• **Aim of the task**
Only one stretch of the data is wanted: the line containing "streax hair colour - 1 natural black 120 ml", the line containing "14x 500 ml Scheibenenteiser", and every line between them, copied exactly.

--- Information given ---

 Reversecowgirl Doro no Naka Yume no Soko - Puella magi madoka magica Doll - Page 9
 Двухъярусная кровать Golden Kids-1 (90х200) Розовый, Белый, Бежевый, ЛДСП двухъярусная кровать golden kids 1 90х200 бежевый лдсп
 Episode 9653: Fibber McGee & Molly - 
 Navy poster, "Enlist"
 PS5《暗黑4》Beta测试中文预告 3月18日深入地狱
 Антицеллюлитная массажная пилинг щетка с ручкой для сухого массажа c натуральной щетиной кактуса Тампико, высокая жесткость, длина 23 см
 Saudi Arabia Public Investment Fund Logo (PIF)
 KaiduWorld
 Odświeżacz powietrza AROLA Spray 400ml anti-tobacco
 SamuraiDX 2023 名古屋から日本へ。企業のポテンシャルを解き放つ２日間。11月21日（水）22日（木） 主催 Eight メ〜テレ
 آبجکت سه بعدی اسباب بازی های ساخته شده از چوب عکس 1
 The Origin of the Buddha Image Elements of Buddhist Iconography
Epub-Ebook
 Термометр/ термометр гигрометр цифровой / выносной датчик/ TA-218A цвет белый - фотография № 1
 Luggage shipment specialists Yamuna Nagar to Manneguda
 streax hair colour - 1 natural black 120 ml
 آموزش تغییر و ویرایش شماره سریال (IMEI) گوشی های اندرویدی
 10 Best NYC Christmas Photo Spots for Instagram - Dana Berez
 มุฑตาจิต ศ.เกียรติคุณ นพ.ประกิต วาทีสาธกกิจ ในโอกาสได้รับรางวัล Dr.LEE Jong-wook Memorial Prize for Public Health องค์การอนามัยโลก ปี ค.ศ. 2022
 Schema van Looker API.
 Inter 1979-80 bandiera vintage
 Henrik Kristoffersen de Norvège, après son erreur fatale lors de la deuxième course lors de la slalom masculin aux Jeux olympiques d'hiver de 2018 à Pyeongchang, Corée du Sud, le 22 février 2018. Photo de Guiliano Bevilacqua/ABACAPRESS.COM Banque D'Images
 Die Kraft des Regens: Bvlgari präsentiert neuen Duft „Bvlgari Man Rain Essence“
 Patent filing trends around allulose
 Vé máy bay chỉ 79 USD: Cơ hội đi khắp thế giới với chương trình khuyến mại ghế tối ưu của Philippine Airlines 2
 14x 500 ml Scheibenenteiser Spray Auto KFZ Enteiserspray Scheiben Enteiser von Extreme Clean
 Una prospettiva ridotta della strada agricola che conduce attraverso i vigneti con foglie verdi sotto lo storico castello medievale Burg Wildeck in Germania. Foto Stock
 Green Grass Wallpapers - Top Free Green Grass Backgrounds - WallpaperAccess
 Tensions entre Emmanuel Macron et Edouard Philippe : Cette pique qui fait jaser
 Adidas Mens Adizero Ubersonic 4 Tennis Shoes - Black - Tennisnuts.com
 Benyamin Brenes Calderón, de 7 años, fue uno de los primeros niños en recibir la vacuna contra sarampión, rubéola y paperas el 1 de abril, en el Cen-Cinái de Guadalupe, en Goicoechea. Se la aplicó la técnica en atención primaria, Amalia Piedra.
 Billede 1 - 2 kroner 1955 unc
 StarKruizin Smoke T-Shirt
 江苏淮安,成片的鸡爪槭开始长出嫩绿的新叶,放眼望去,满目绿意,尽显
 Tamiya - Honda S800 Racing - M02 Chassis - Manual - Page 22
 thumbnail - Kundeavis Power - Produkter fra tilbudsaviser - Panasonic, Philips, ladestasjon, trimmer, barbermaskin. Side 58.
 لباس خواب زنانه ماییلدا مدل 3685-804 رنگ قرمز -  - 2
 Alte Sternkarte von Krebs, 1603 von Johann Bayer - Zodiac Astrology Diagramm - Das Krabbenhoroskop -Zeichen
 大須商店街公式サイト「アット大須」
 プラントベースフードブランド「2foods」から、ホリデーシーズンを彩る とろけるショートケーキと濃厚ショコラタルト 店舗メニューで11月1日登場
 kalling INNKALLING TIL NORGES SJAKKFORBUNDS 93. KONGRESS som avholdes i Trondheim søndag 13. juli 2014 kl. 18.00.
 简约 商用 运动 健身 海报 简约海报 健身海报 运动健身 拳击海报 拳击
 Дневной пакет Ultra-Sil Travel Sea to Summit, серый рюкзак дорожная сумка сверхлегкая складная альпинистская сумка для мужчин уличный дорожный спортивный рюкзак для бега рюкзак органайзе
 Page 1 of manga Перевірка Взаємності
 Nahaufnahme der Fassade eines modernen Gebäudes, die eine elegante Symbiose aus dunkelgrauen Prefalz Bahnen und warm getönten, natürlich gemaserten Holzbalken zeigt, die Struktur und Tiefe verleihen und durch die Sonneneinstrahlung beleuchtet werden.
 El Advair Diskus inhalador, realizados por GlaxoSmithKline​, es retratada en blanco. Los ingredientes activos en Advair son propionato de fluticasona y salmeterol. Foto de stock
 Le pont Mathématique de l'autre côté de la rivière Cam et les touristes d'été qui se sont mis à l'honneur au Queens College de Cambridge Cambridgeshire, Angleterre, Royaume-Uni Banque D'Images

---

• **Exercise output**
 streax hair colour - 1 natural black 120 ml
 آموزش تغییر و ویرایش شماره سریال (IMEI) گوشی های اندرویدی
 10 Best NYC Christmas Photo Spots for Instagram - Dana Berez
 มุฑตาจิต ศ.เกียรติคุณ นพ.ประกิต วาทีสาธกกิจ ในโอกาสได้รับรางวัล Dr.LEE Jong-wook Memorial Prize for Public Health องค์การอนามัยโลก ปี ค.ศ. 2022
 Schema van Looker API.
 Inter 1979-80 bandiera vintage
 Henrik Kristoffersen de Norvège, après son erreur fatale lors de la deuxième course lors de la slalom masculin aux Jeux olympiques d'hiver de 2018 à Pyeongchang, Corée du Sud, le 22 février 2018. Photo de Guiliano Bevilacqua/ABACAPRESS.COM Banque D'Images
 Die Kraft des Regens: Bvlgari präsentiert neuen Duft „Bvlgari Man Rain Essence“
 Patent filing trends around allulose
 Vé máy bay chỉ 79 USD: Cơ hội đi khắp thế giới với chương trình khuyến mại ghế tối ưu của Philippine Airlines 2
 14x 500 ml Scheibenenteiser Spray Auto KFZ Enteiserspray Scheiben Enteiser von Extreme Clean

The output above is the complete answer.